■ INSTRUCTIONS TO FOLLOW
In the listing below, find every line containing "That" and copy it out.
[Opening ENTRIES SUPPLIED section]
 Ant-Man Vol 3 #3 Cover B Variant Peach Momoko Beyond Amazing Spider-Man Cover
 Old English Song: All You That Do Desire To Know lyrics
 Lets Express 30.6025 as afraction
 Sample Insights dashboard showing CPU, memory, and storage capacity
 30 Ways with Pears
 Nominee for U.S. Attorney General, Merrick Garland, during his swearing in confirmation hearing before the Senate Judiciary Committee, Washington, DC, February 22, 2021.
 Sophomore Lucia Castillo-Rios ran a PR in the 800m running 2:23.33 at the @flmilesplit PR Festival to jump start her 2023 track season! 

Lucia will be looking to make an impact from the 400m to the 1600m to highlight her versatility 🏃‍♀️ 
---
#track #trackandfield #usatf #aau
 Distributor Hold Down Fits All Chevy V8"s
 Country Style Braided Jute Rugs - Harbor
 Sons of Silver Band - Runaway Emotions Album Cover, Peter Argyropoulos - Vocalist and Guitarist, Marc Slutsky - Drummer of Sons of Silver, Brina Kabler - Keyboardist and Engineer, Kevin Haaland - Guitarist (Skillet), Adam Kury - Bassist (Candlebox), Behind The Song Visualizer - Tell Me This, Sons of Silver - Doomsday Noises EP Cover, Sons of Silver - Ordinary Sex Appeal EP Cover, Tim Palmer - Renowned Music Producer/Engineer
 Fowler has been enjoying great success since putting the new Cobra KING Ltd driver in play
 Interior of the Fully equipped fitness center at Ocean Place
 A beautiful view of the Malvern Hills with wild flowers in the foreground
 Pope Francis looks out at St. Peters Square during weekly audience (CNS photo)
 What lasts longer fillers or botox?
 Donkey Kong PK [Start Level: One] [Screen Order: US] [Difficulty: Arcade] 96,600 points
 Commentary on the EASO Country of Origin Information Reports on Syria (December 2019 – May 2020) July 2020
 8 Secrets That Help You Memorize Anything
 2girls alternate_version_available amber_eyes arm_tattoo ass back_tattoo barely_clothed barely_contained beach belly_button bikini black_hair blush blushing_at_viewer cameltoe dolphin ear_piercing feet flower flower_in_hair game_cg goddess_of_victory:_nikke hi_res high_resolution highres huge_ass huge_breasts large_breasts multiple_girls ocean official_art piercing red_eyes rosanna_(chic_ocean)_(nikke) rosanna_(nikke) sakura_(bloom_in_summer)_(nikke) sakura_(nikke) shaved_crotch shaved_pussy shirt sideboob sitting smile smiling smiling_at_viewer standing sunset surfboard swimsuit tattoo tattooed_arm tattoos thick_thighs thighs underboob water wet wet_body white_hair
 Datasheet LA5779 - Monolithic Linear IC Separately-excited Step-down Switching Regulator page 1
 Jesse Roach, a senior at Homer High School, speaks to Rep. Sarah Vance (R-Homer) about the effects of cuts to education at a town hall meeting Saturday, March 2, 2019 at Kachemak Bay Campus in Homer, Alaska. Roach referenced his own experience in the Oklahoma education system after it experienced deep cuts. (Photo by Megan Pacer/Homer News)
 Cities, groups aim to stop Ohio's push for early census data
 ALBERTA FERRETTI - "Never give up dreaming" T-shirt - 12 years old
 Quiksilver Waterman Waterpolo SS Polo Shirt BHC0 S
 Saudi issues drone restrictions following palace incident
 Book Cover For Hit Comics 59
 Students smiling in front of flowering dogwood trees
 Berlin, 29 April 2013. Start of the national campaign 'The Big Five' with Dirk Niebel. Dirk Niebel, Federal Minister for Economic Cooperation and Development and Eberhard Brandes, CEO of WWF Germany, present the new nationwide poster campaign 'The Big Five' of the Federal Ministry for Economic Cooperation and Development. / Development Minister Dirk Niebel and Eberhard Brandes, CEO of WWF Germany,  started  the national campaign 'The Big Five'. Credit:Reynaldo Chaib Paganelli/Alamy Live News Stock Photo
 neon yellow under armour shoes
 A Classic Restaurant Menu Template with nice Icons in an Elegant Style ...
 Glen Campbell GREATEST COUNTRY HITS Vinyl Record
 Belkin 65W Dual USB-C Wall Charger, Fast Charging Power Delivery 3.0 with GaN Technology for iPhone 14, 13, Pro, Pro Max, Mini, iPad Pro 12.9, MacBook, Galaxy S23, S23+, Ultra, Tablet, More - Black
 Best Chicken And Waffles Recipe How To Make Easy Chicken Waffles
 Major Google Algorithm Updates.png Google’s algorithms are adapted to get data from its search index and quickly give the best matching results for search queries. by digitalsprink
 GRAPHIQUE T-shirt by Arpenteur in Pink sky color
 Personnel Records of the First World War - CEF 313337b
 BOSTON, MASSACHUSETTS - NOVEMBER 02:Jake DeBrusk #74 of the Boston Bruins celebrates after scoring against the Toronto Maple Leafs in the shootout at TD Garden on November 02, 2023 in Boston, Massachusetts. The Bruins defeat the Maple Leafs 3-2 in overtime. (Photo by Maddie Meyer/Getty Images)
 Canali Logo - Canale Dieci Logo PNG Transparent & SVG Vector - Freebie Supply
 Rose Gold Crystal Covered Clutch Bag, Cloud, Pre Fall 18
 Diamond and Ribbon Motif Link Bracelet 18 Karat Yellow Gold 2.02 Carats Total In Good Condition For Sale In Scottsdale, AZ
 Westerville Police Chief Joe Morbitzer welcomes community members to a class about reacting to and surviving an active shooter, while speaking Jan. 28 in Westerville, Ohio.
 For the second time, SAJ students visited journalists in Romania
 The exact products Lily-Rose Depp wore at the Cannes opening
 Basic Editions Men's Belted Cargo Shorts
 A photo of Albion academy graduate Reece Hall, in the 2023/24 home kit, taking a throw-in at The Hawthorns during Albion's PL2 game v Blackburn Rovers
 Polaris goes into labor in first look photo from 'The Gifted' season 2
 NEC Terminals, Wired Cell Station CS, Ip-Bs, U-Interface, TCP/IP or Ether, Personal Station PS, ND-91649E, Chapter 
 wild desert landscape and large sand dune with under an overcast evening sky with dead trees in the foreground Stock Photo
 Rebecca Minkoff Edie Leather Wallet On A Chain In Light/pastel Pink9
[Closing ENTRIES SUPPLIED section]
■ RESULT OF THIS TASK
 Old English Song: All You That Do Desire To Know lyrics
 8 Secrets That Help You Memorize Anything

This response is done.